Although the overall PC side from Intel was down, Intel has only just launched their latest 10th generation Core products which won’t make up much of Q3’s numbers due to the cut-off date of the end of September. Intel now has over 30 devices launched based on the 10 nm Ice Lake platform, signalling the end of 14 nm which has been iterated on many times over the last several years as Intel struggled to get their 10 nm process off the ground. The good news for Intel is that despite the initial setbacks for 10 nm, they have stated that 10 nm yields are actually ahead of their internal expectations for this point in its lifecycle, which should help alleviate some of the backlog the company has been facing with production assuming the can use the improved yields to transition more of their lineup over to 10 nm a bit quicker. Intel has also stated that despite the years lost on 10 nm, they are moving back to a 2 to 2.5 year process cadence, with 7 nm on track for their GPU lineup in 2021.

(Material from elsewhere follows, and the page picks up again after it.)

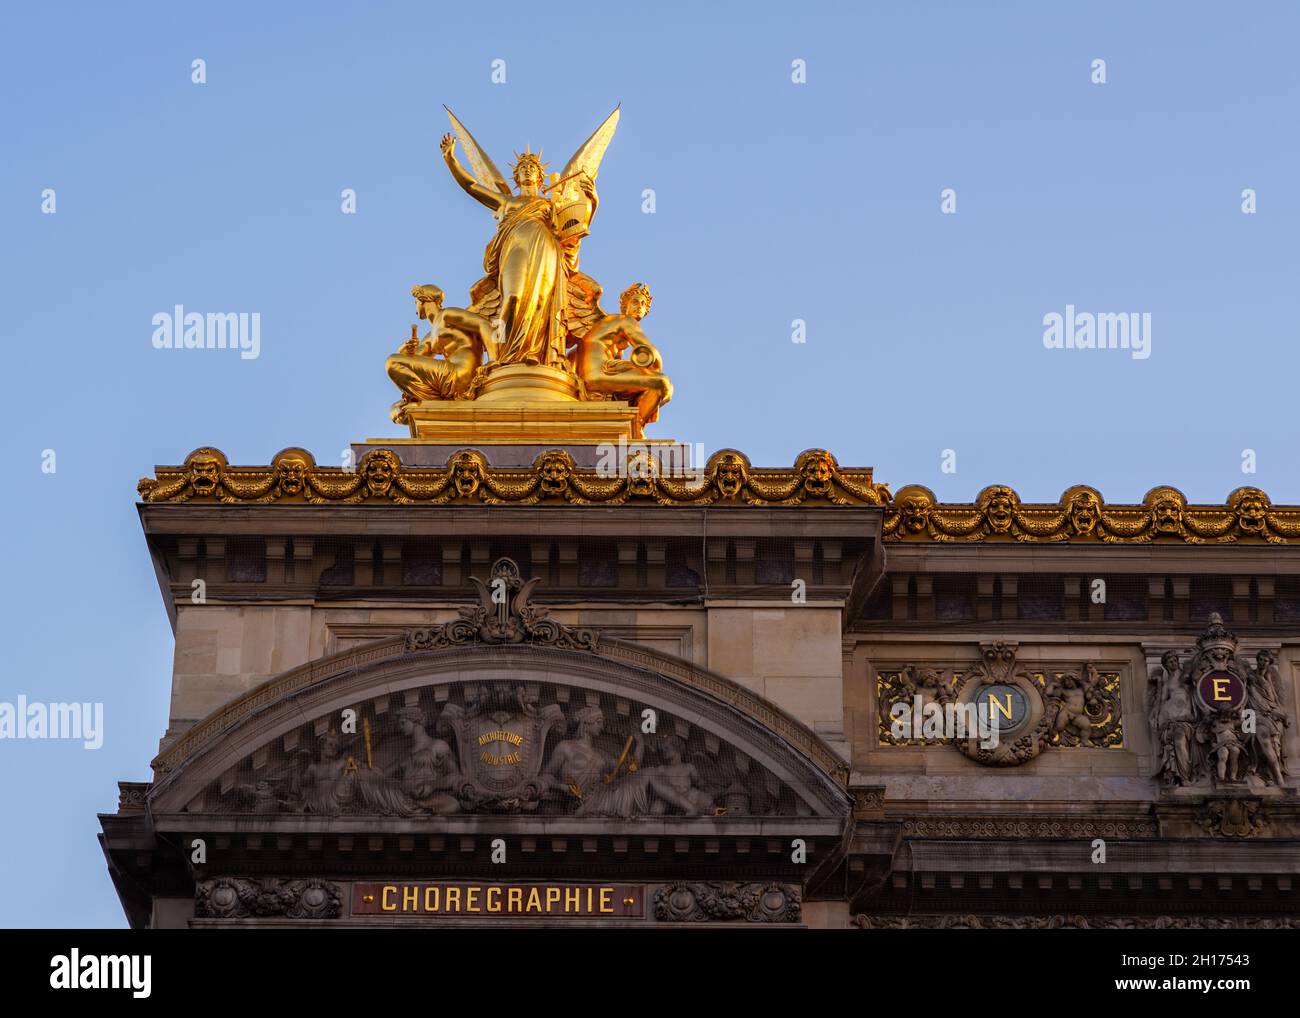 Scultura d'oro in cima all'Opera di Parigi, realizzata in primavera mattina senza gente Foto Stock

Intel lumps the rest of their business into the “Data-Centric” role, and this side of the company has been making strong gains over the last several years, and now almost matches the Client Computing Group in total revenue at $9.5 billion, versus $9.7 billion for the CCG. But Data-Centric includes not only the Data Center Group, but also Internet of Things, Mobileye, Non-Volatile Storage, and Programable Solutions. Altogether these segments achieved record revenue, up 6% from 2018. Individually, Data Center Group was up 4% to $6.4 billion with a strong mix of Xeon sales and growth in all segments. Internet of Things also had record revenue, up 9% to $1.0 billion. Mobileye is also on the record train, with a 20% year-over-year gain to $229 million, as did Non-Volatile Storage which was up 19% to $1.3 billion. Programable Solutions was the only segment in the Data-Centric listings to not hit a record in revenue, but it was still up 2% to $507 million for the quarter, and they shipped their first 10 nm Agilex FPGA this quarter as well.

Looking ahead to Q4, Intel is expecting revenue around $19.2 billion with earnings-per-share of $1.28.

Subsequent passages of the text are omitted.